I don't have time to research it properly at the moment, but I am starting to suspect that aches and pains can possibly be caused by nutrient deficiency.

Hi CC,

 

This is really interesting, when you find out more please share.

 

Many thanks,

JC

Dose History: 19 Feb 2014 - Escitalopram 10mg daily June 2015 - Started taper, 5mg every other day July 2015 - 5mg every 2 days August 2015 - 5mg every 3 days September 2015 - 5mg every 4 days Sept 14th - Completed tapering, but at 7 weeks "drug free" I suffered serious WD symptoms as a consequence of "incorrect" tapering. Nov 25 2015 - Re-instated Cipralex @ 2.5mg daily. WD symptoms faded. Held at this dose and experienced "windows and waves". 12 Oct 2017 Reduced dose to 1.25mg. 13 Mar 2018 Reduced dose to 0.625mg (approx.). 16 April 2018 0mg.

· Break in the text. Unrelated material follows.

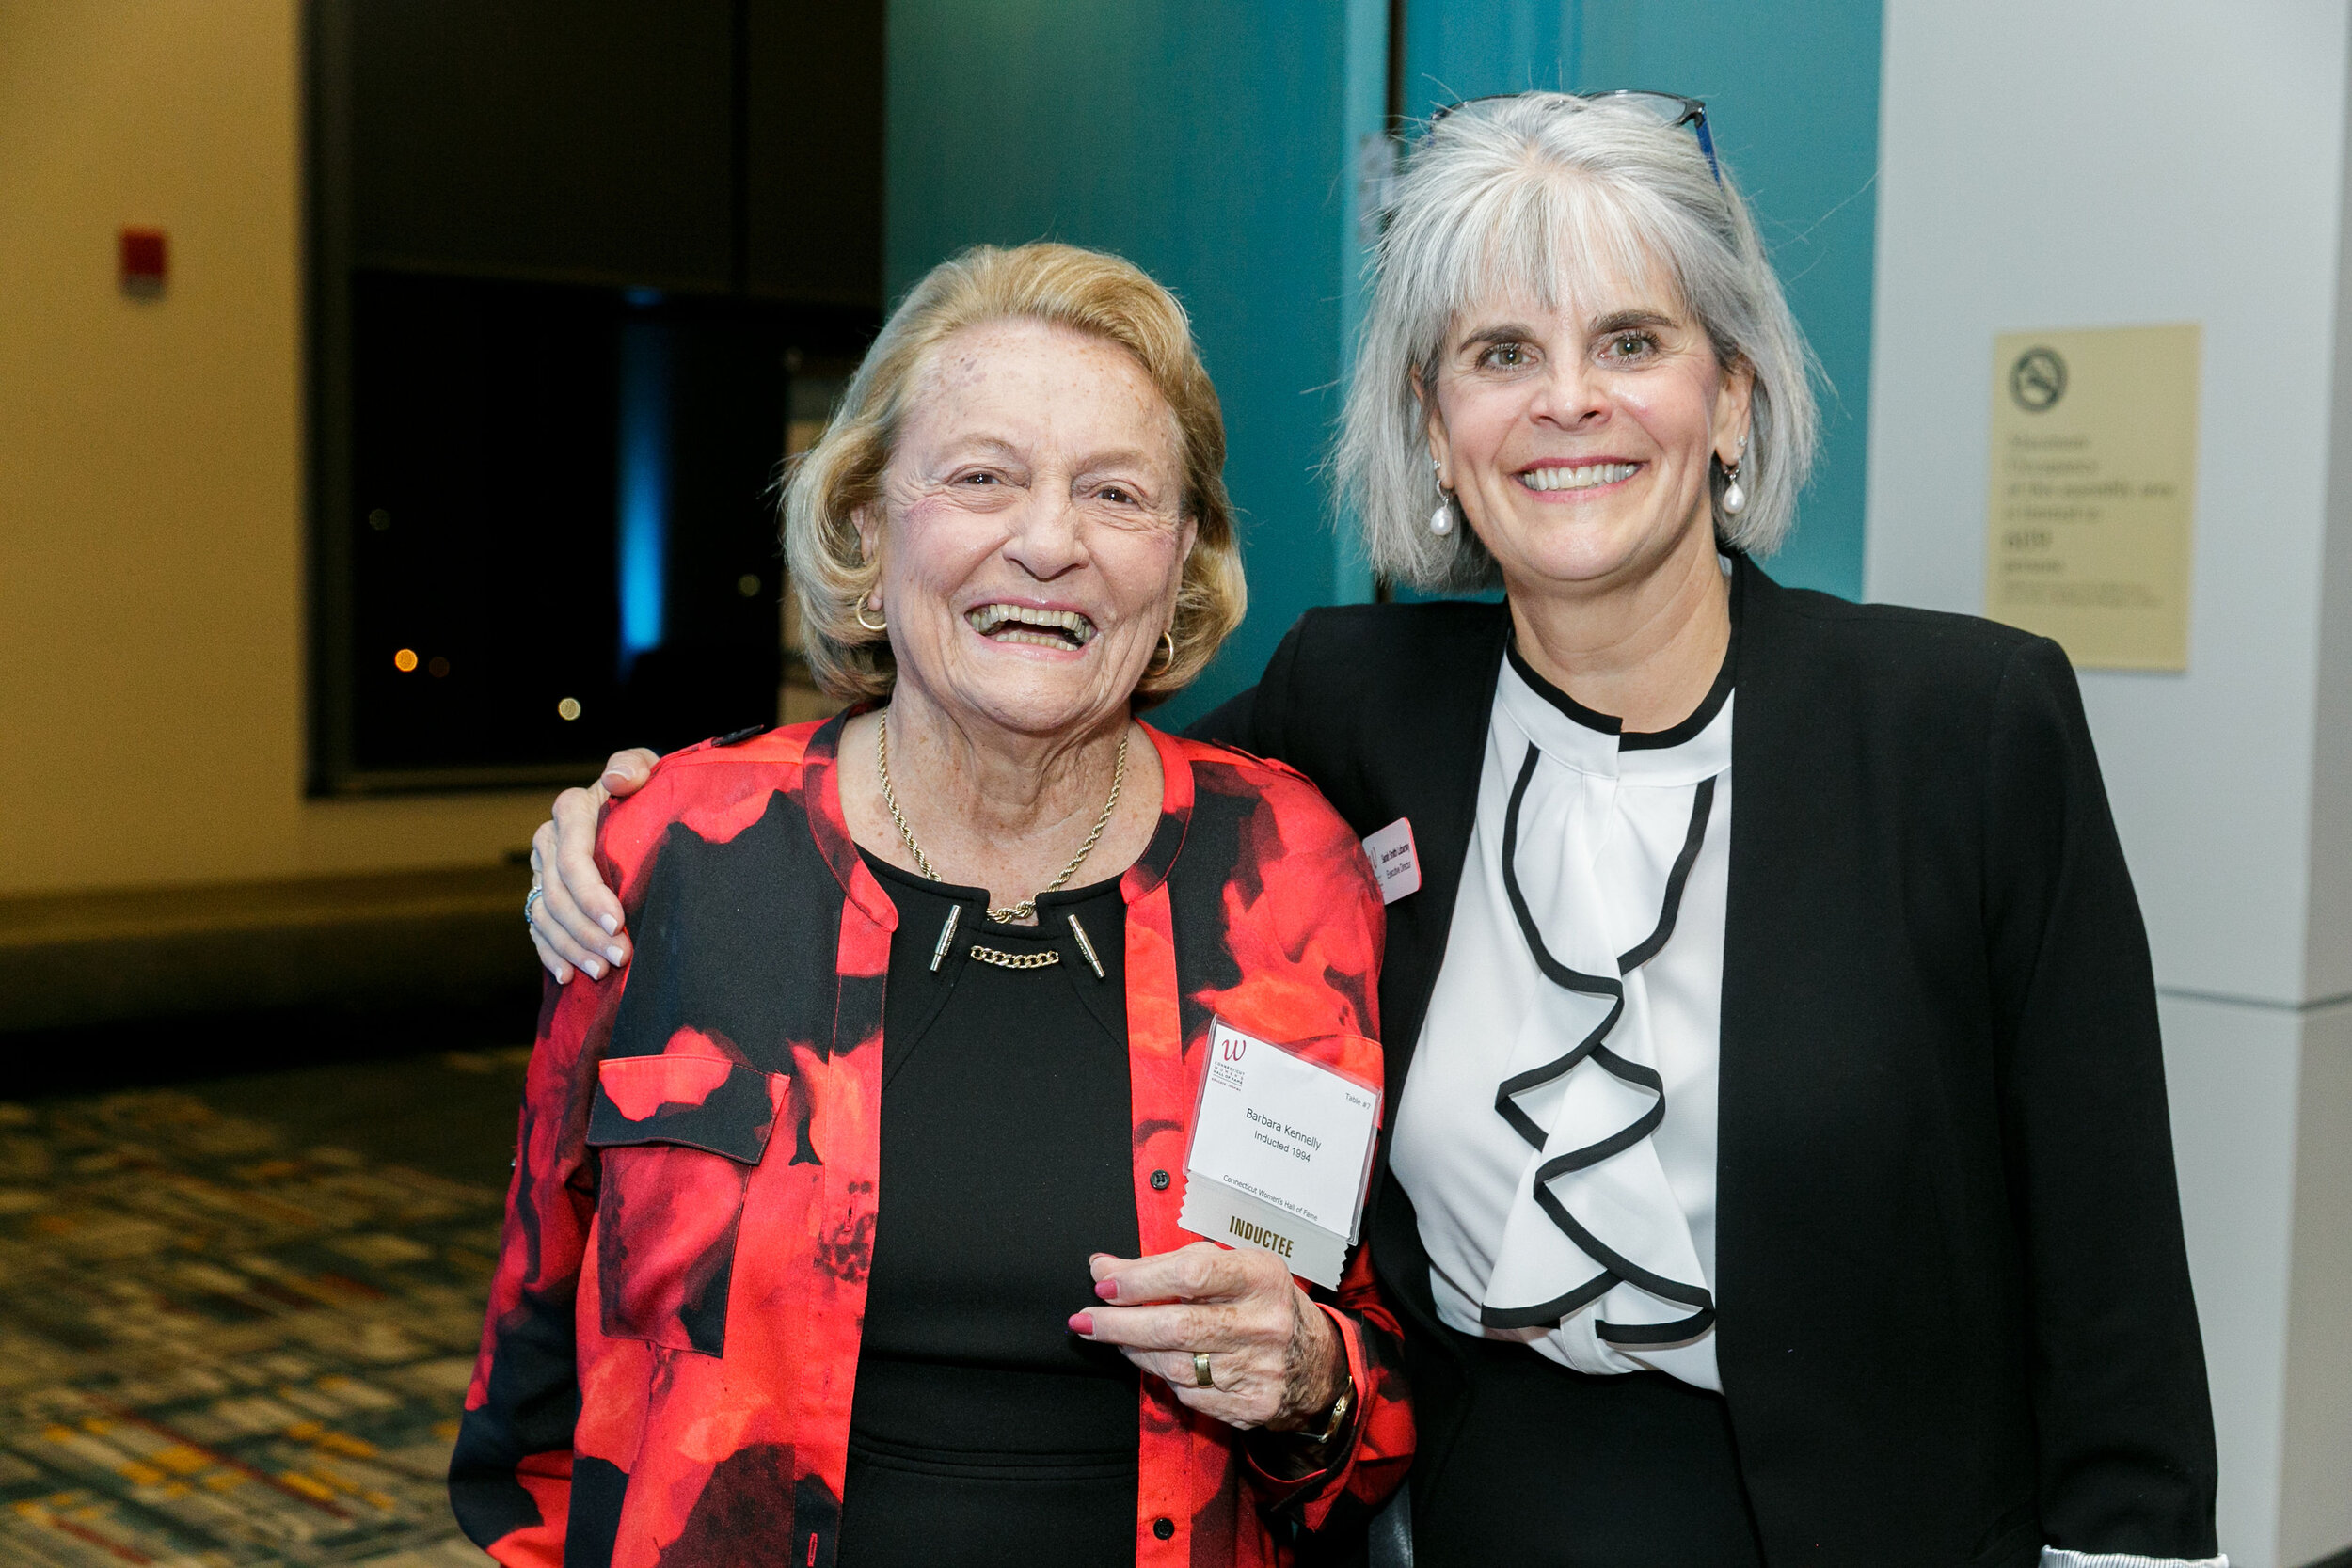   CWHF Inductee Barbara Kennelly with CWHF Executive Director, Sarah Lubarsky

Windows and waves triggered by stress (IBS/reflux, headaches, sinus issues) Aug 2019 Mirena coil fitted 6 Jan 2020 MAJOR Wave hit 19 months following last dose (protracted WD).  Symptoms listed below Mar 2020 Mirena coil removal.

Therapy: Nov 15th 2016 Re-started therapy Jan 19th 2017 Started CBT Dec 2017 Started listening to Hypnotherapy CD (self-esteem). Nov 2019 Started couples therapy.

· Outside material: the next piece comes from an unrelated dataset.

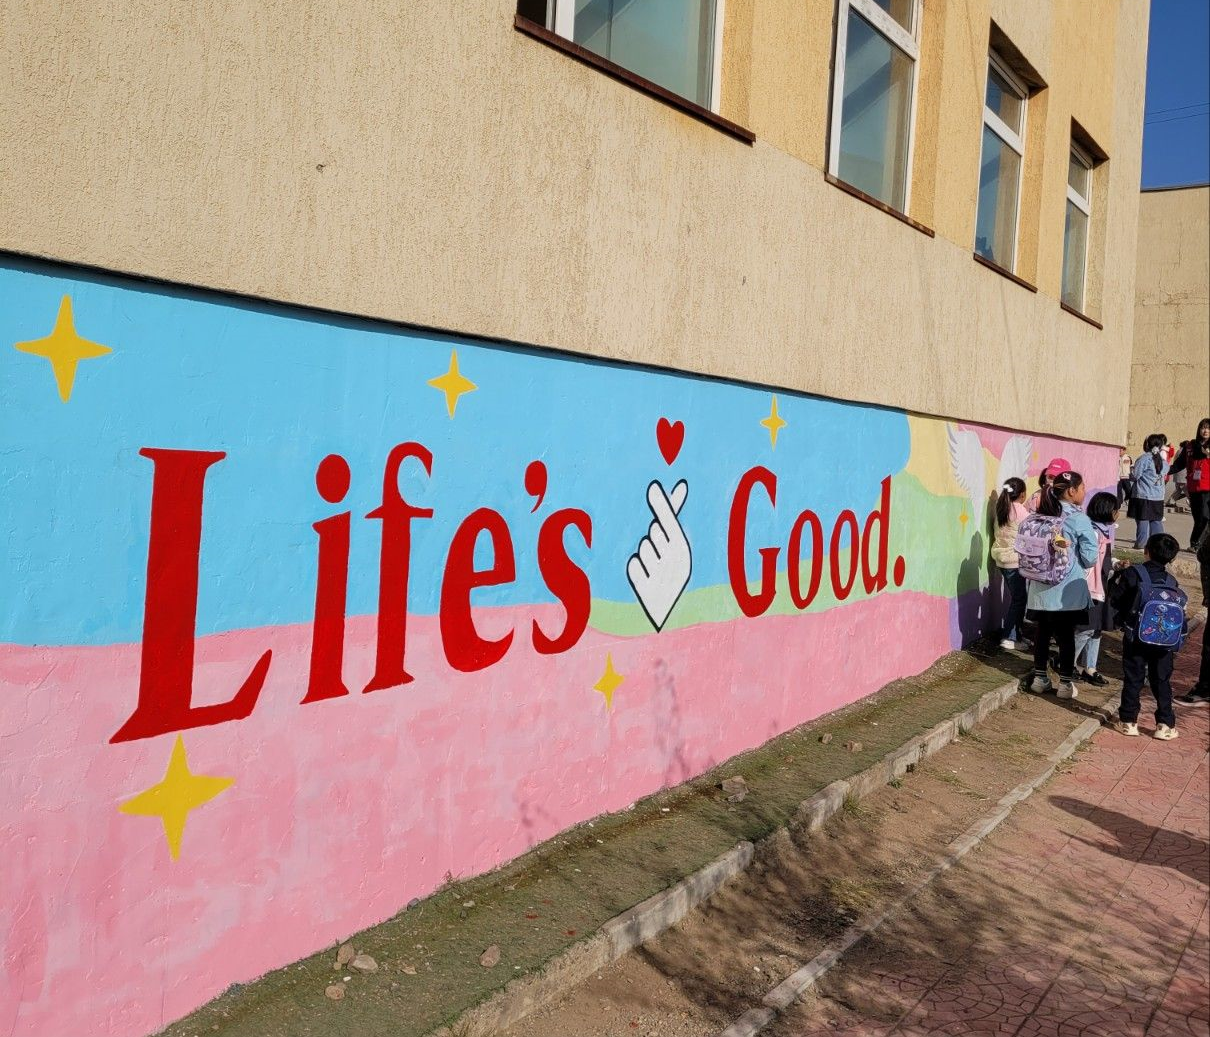 A wall painted by LG Life's Good Volunteers

Supplements: "Bioglan" Biotic Balance Ultimate Flora 10 billion CFU, live Bacteria, Probiotic, suitable for Vegetarians, with Lactobacillus Acidophilus, Lactobacillus Rhamnosus, Bifidobacterium Longum"Pukka" Vitalise a unique blend of 30 energising botanicals.

Diet: 16 April 2018 Detox cleanse / anti-candida for 90 days. Jan 2020 Started "small plate" diet (i.e child size portions).

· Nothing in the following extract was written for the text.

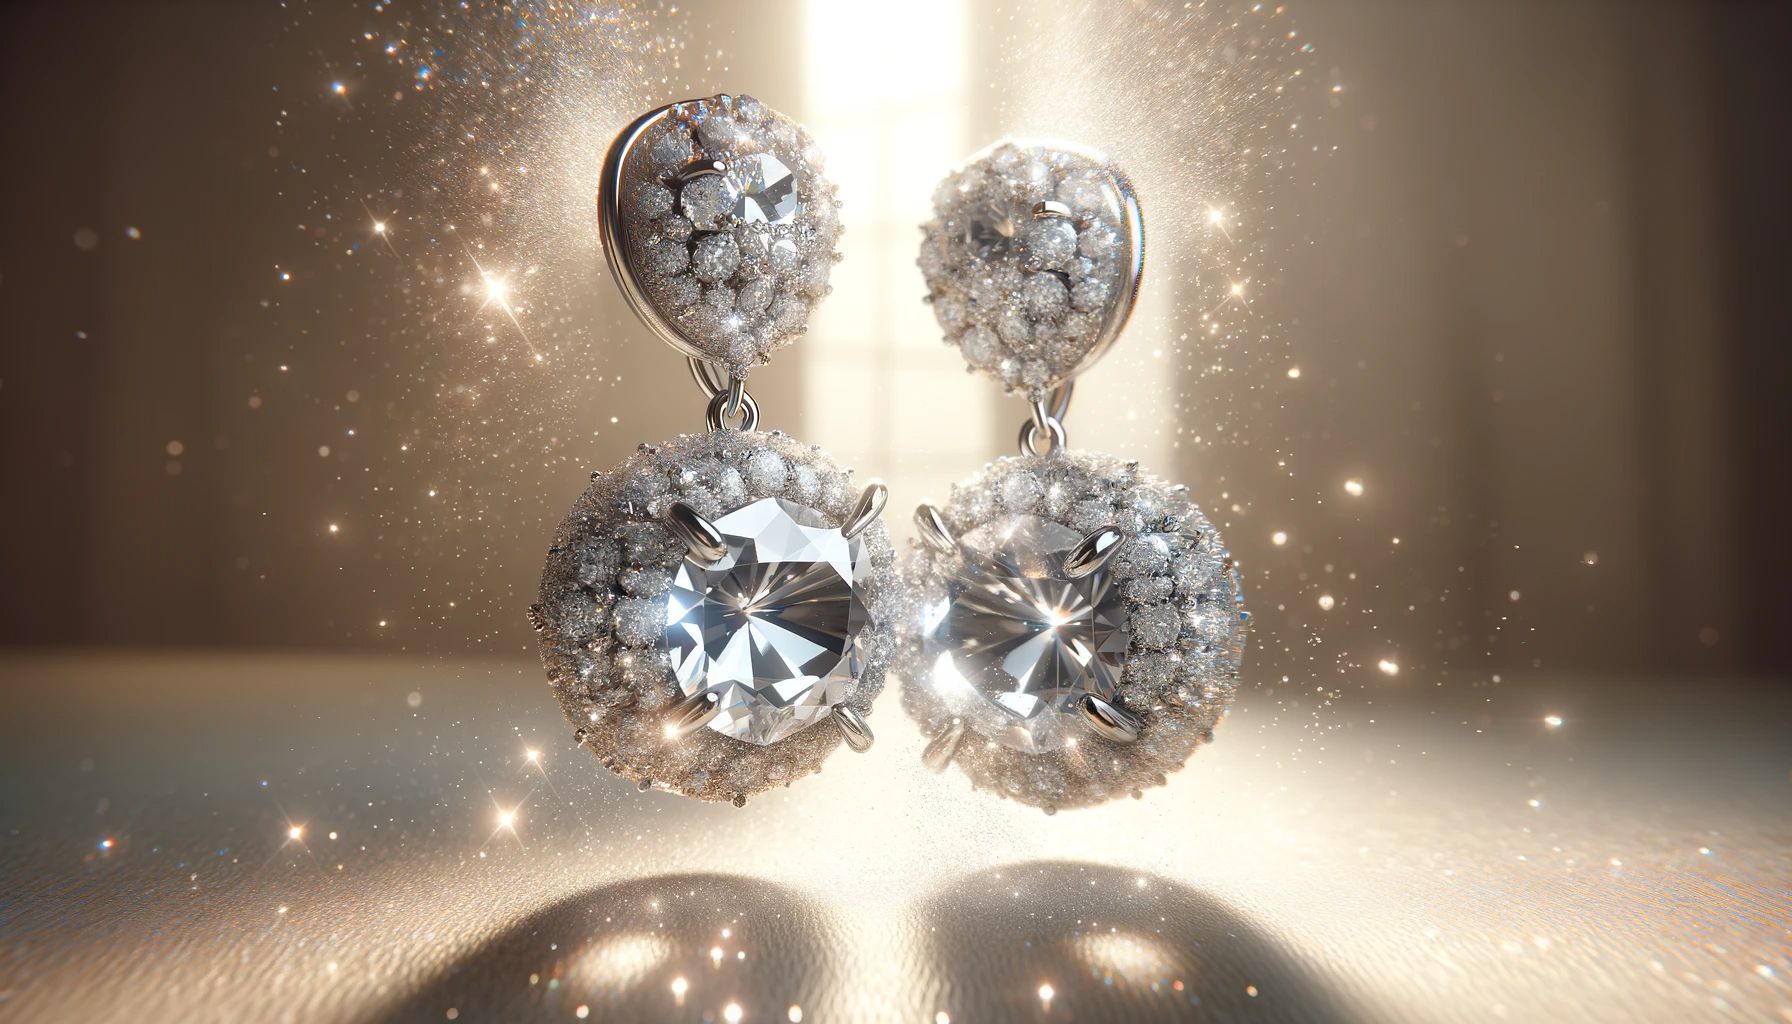 Diamond Drop Earrings Suspended In Mid-Air, Glistening With Reflections From Their Facets.

Exercise: Stretching, Yoga, Pilates, Spinning, Elliptical/upper body workout, walking.

Medical Test Results: 4 Jan 2017 Homeopathic Treatment starts 24 Feb 2017 Started weight loss program 24 Mar 2017 Naturopathic Treatment + anti-Candida diet started due to suspected Candida Related Complex (CRC). DETOXED for 7 weeks to "re-set" gut. April 2017 "Genova Diagnostics" Comprehensive Stool Analysis NEGATIVE; Full Blood Count (Normal) / Blood Cholesterol: 5.6 (Borderline) / Blood Sugar (Normal) / 28 Jun 2017 FSH 8.2 / 14 Nov 2017 FSH 17.7 Dec 2017 Blood Cholesterol: 3.9 (Normal) / Kidney Function (Normal) / Blood Sugar (Normal). December 2017 "Genova Diagnostics" Food panel allergy (bloodwork) analysis - a few "VERY LOW/VL" allergens; Mar 2018 "Genova Diagnostics" SIBO urine analysis: High Level of Yeast/fungal markers found in small intestine but NO SIBO.  April 2018 Thyroid (Normal) / Full Blood Count (Normal) / FSH (Normal). 16 April 2018 Started anti-Candida diet - 3 month protocol.   25 March 2020 All test results "Normal". CRP" 5 mg/L (normal range to 0-5 mg/L).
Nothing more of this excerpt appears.